Well, now...what is $\;f(c)\;$ ? Exactly, it must be $\;f(c)=0\;$ since:

$$f(a_n)\nearrow f(c)\;,\;\;\;f(b_n)\searrow f(c)\implies (\text{remember!}\;0>)\; f(a_n)f(b_n)\xrightarrow[n\to\infty]{}f(c)^2\le0$$

But of course also trivially $\;f(c)^2\ge 0\;\implies f(c)^2=0\iff f(c)=0\;$ and we're done, directly and without contradiction.

Just to make sure we understand: where did we use continuity of $\;f\;$ in the above ?

Answer 2

I just realised that if the proof is worded more carefully, then it is a proof by contraposition, not contradiction. I thought that this was worth mentioning because many mathematicians have a preference for contraposition over contradiction (see here). Let $$E=\{x\in[a,b]:\text{$f$ is negative on $[a,x]$}\} \, .$$It is not difficult to prove that (a) if $\alpha=\sup E$, then $f(\alpha)\le0$, and (b) if $\alpha=\sup E$, then $f(\alpha)\ge0$. This method is still not as "direct" as I would like, but I thought it would be worth mentioning anyway.

The contrapositive of (a) is "if $f(\alpha)>0$, then $\alpha\ne\sup E$". Since $f$ is continuous at $\alpha$, there is an open interval $I$ containing $\alpha$ such that for all $x\in I$, we have $f(x)>0$. Let $x_0$ be a member of $I$ satisfying $x_0<\alpha$. Since $x_0$ is an upper bound of $E$, we find that $\alpha\ne\sup E$.

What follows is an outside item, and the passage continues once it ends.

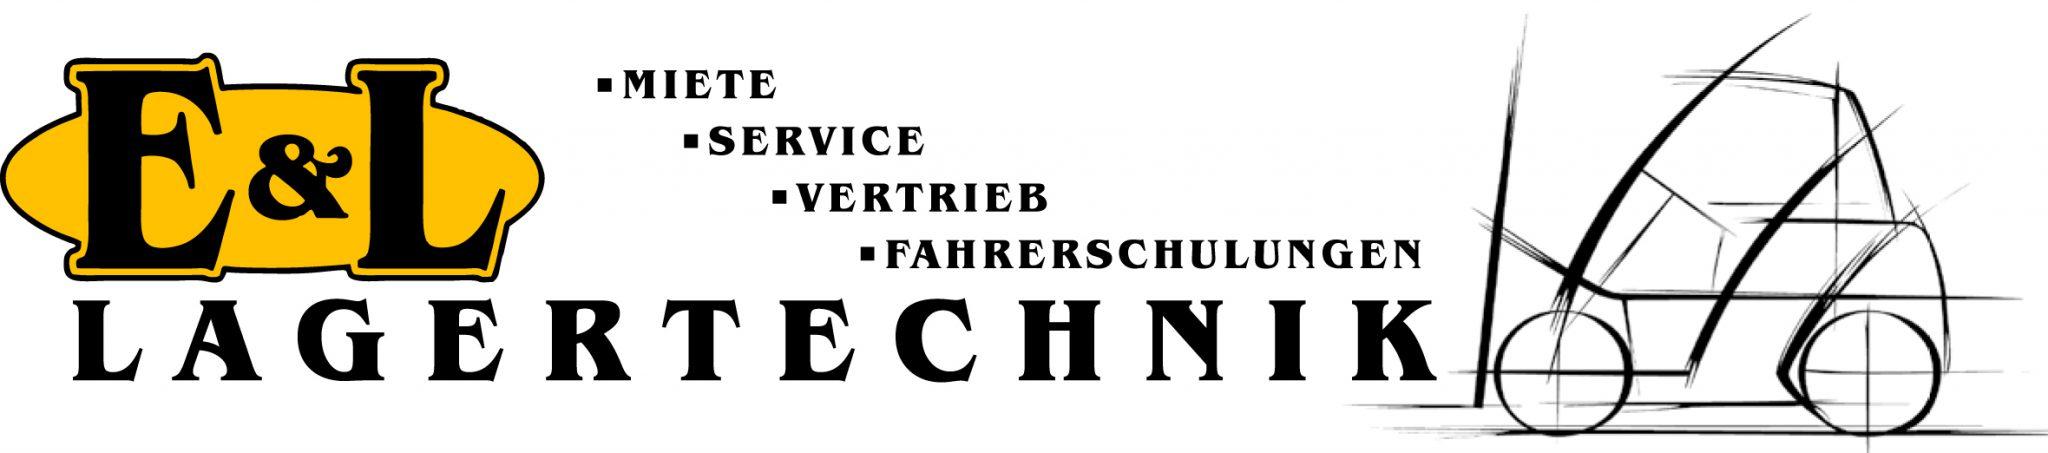 E & L Lagertechnik GmbH
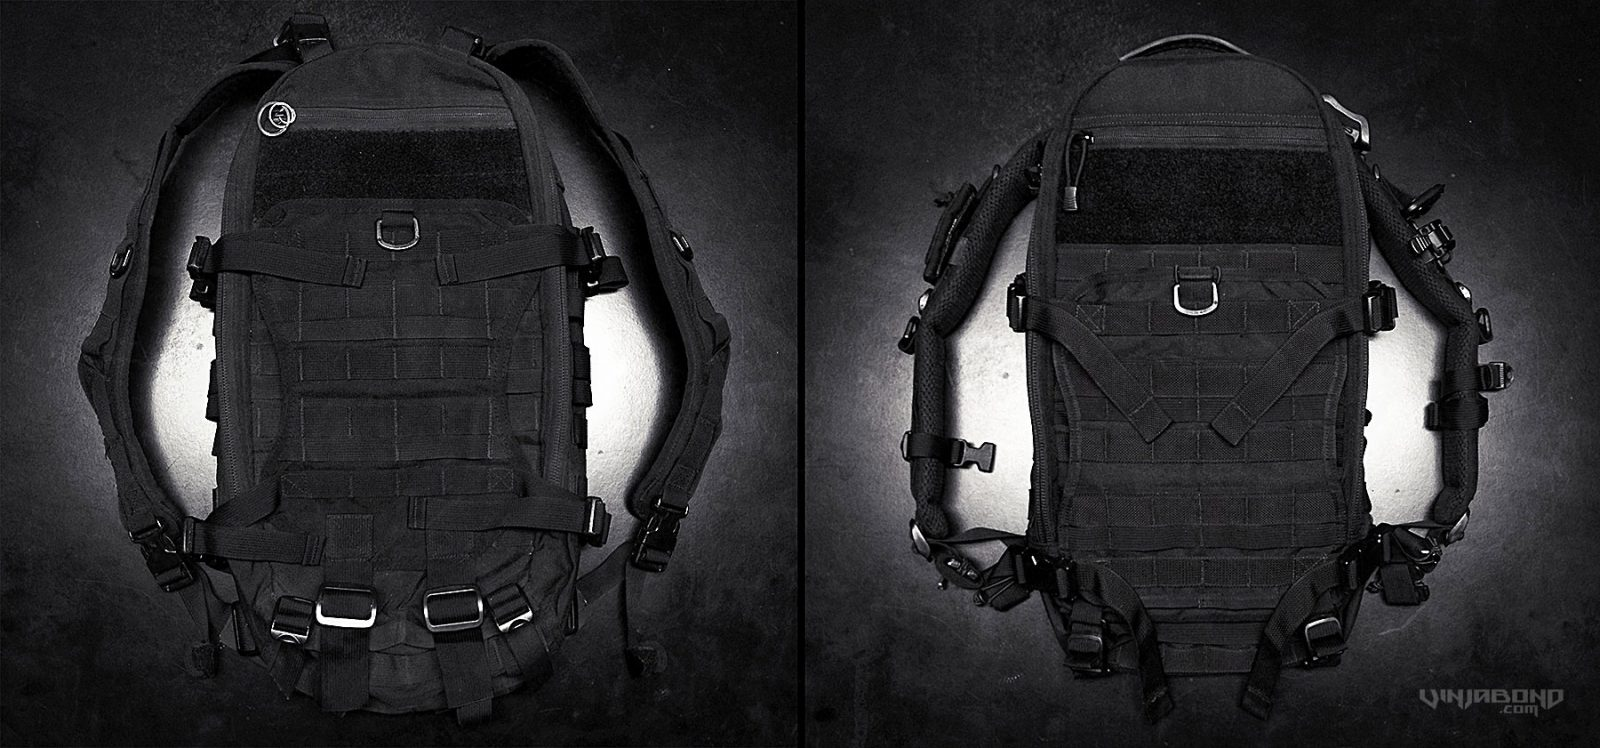 - Original FAST Pack Comparison w/ Reengineered Model -

The contrapositive of (b) is "if $f(\alpha)<0$, then $\alpha\ne\sup E$". Since $f$ is continuous at $\alpha$, there is an open interval $I$ containing $\alpha$ such that for all $x\in I$, we have $f(x)<0$. Let $x_0$ be a member of $I$ satisfying $x_0>\alpha$. Since $x_0\in E$, $\alpha$ is not even an upper bound of $E$, and so $\alpha\ne\sup E$.

Combining (a) and (b) gives us $f(\alpha)=0$, as desired.